Ollie’s website says that 7INK will open in 2021.

The larger, seven-building Ink Block complex includes hundreds of rental apartments that have already opened, a Whole Foods supermarket, a coffee shop and some other casual eateries.

Citizens, based in nearby Providence, R.I., understood National Development’s vision for the project, according to Tom Alperin, president of National. 

“The Citizens team has deep knowledge of the commercial real estate landscape and its close attention to detail made for a seamless and timely execution,” Alperin said in a statement.

Gary Magnuson, Citizens’ head of commercial real estate, said that the 7INK deal was an example of a construction loan that “delivers substantial value” to a development client.
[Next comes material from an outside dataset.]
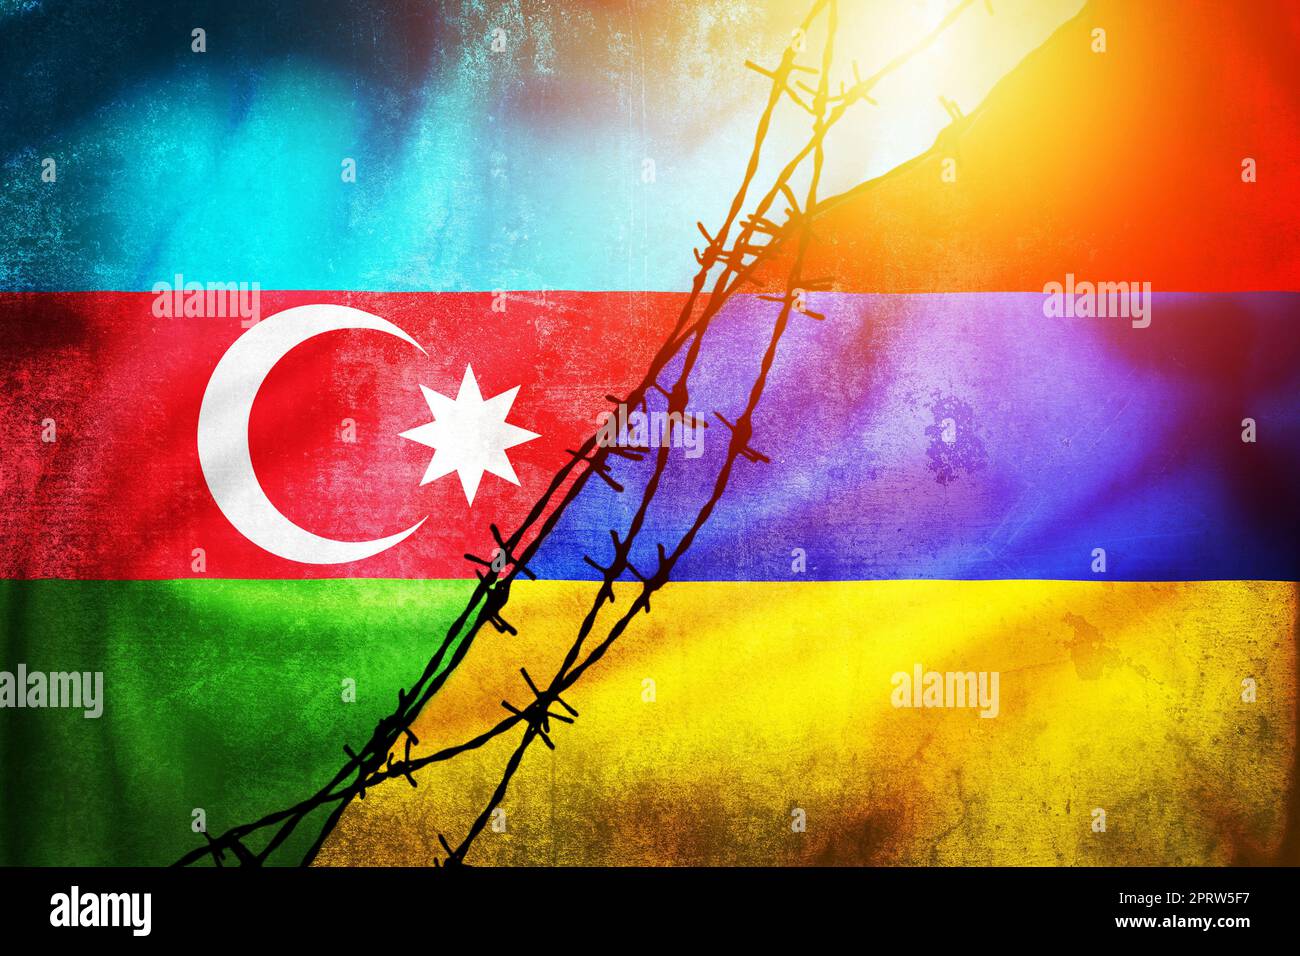 Grunge drapeaux de l'Azerbaïdjan et de l'Arménie divisé par barbelés illustration soleil brume vue Banque D'Images

At least one other company, a British import called Scape, is working on a building that aims to experiment with smaller unit sizes and a dorm-like experience in Boston. As Commercial Observer reported last year, Scape is building a new apartment building near Fenway Park originally designed as a private student dorm. But The Boston Globe said in October that Scape now plans to pitch the units, which are as small as 300 square feet, to working professionals as well.

A research report from Cushman & Wakefield (CWK) released in the middle of last year found that a growing demographic of millennial renters — many of whom are encumbered by student debt that dings their finances — could theoretically support a significant boom in the co-living sector. Yet the industry remains a minor slice of the broader multifamily market.

Seven major co-living providers that the report tracked — including Ollie — had a pipeline of less than 17,000 new units. Projections for 2019 estimate that the U.S. added about 300,000 new apartments overall.

A spokeswoman for National Development didn’t immediately respond to an inquiry.